▶ **PROVIDED MATERIAL**
--------------------
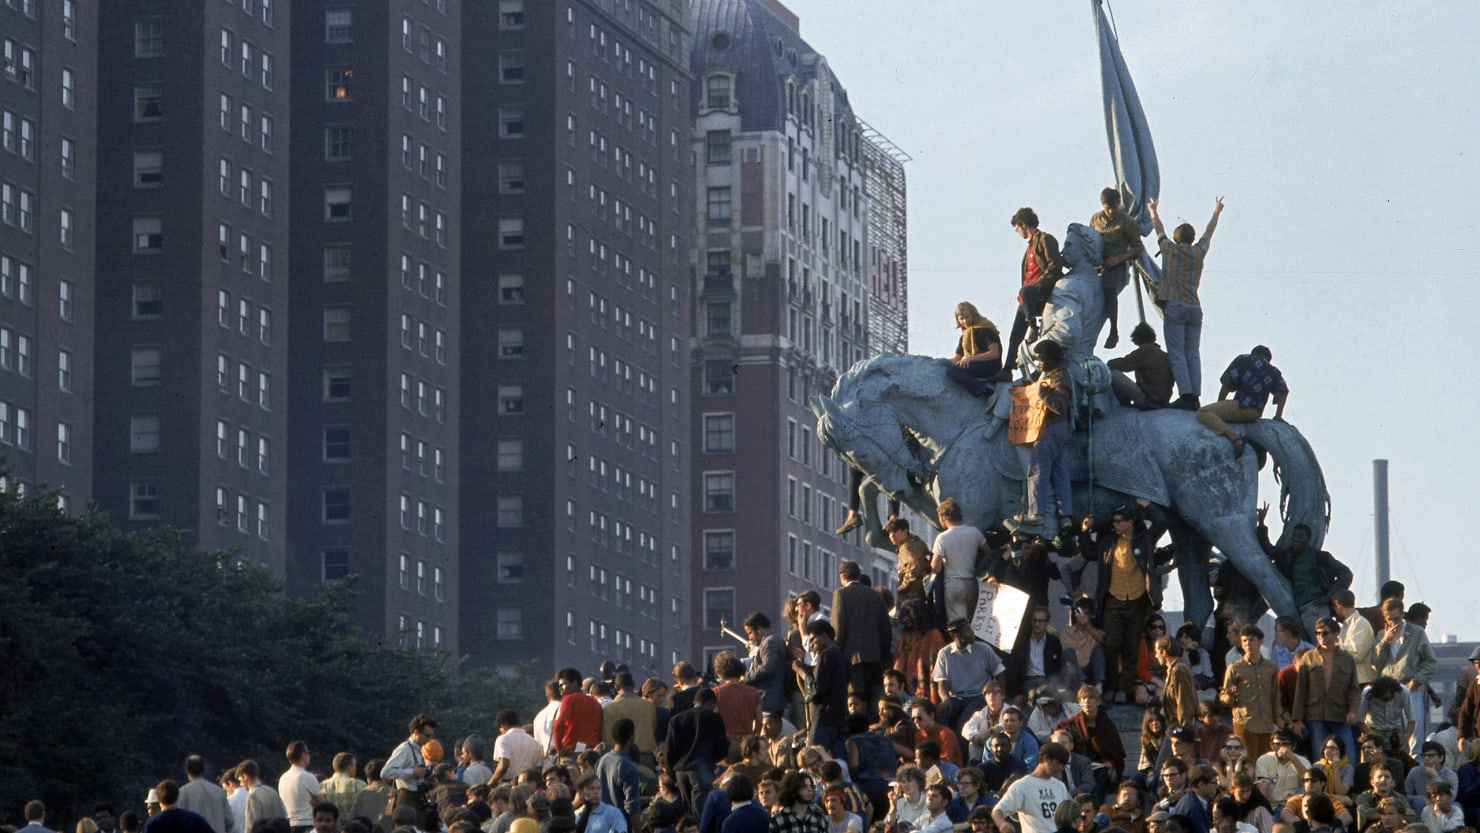 Do I Remember the '68 DNC Riots? Dude, I Played Them
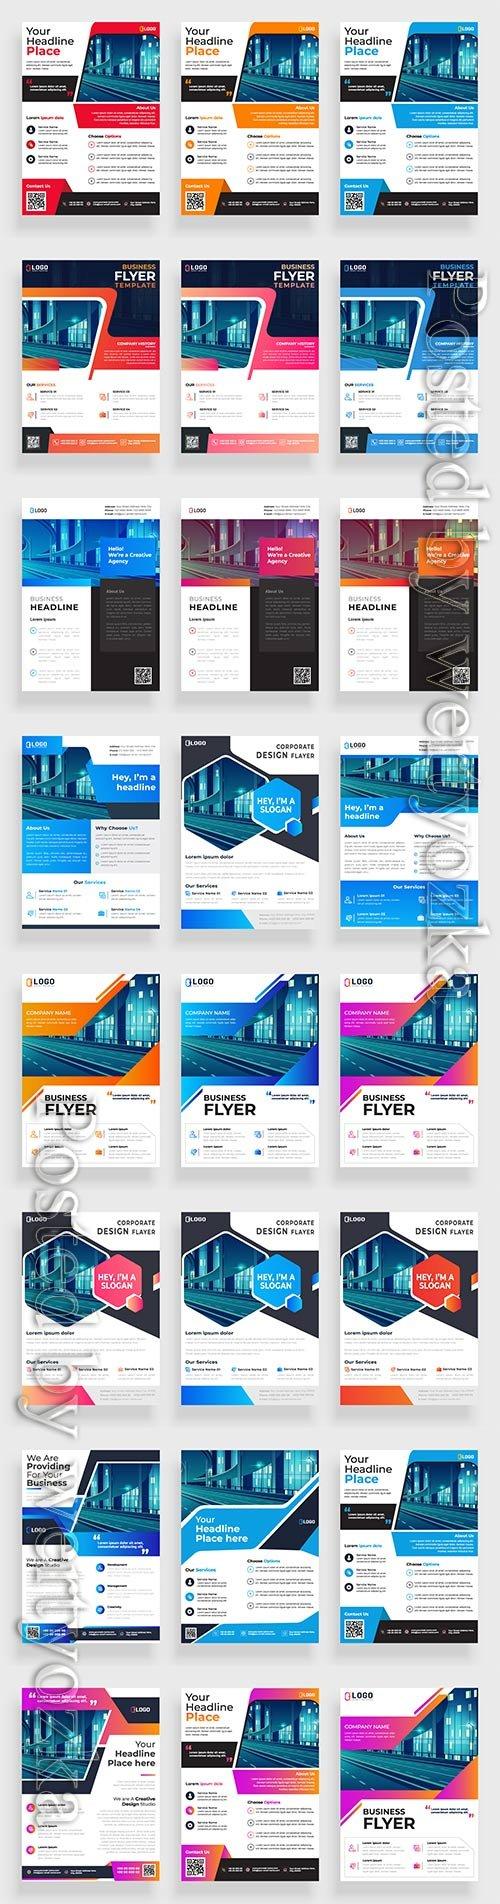 Business flyer template design, brochure vector illustration # 9
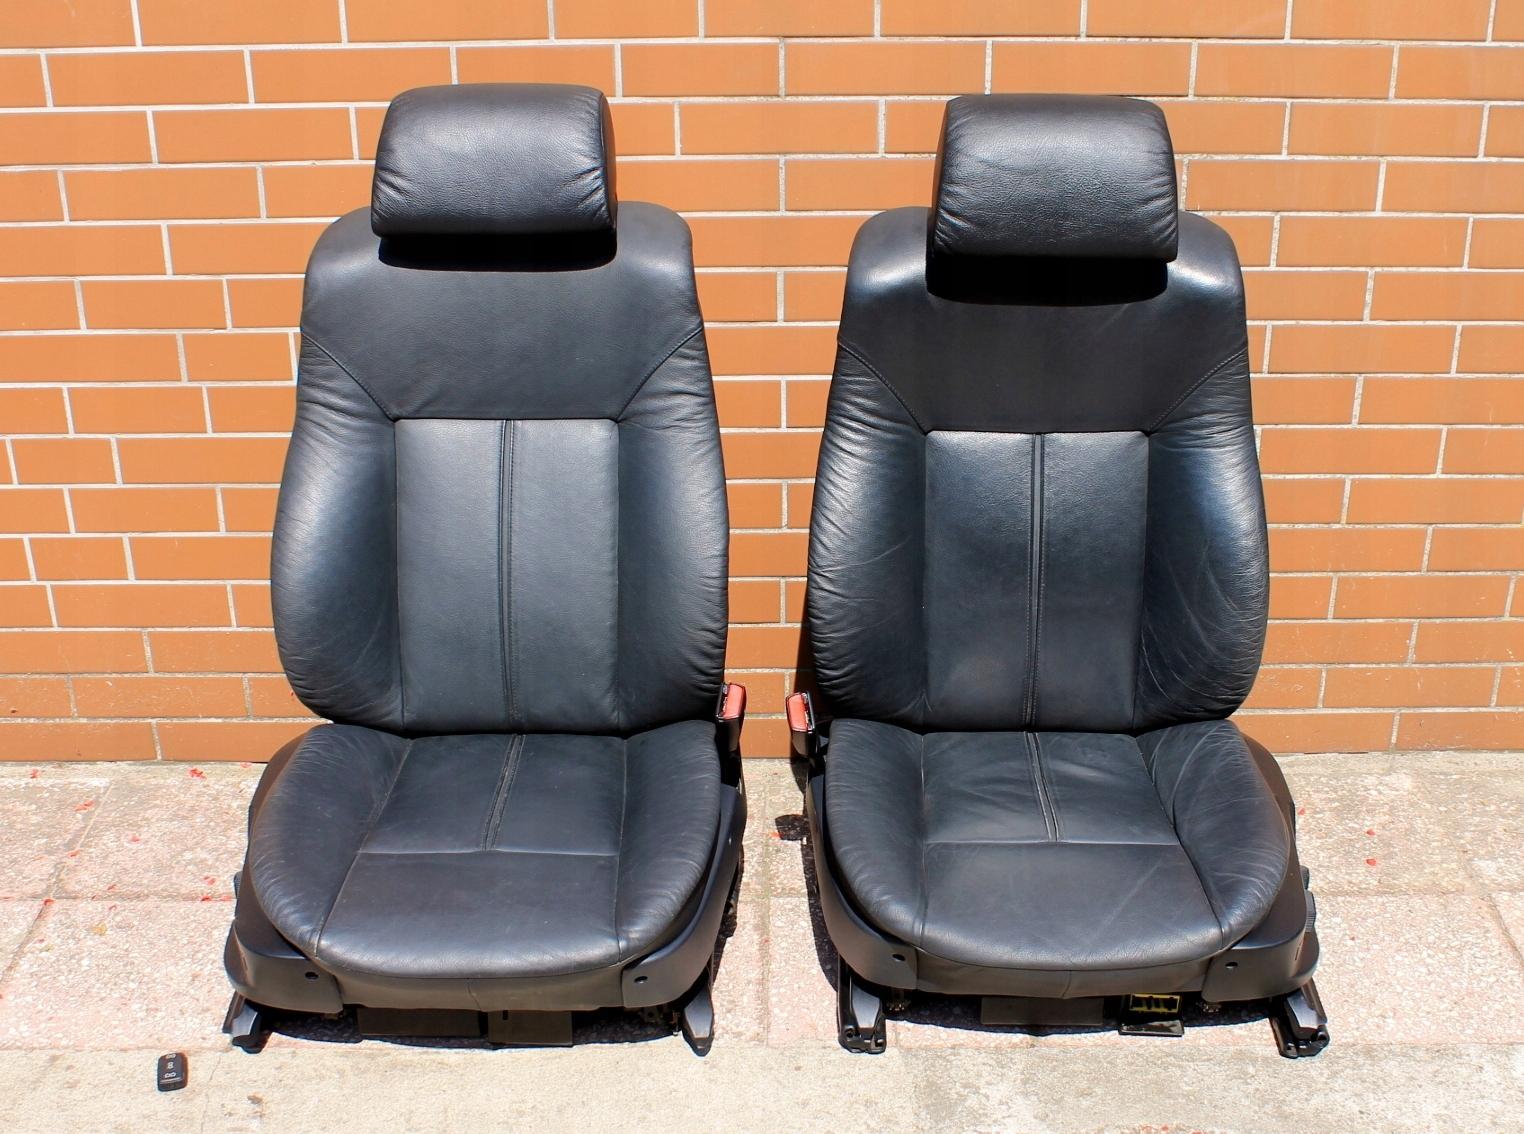 Bmw E38 Fotele Czarna Skóra Komfort Wentylowane Eu
--------------------
▶ **ABOUT THIS EXERCISE**
Would you copy all of the data exactly? Keep the pictures out of it.

▶ **RESULT**
 Do I Remember the '68 DNC Riots? Dude, I Played Them
 Business flyer template design, brochure vector illustration # 9
 Bmw E38 Fotele Czarna Skóra Komfort Wentylowane Eu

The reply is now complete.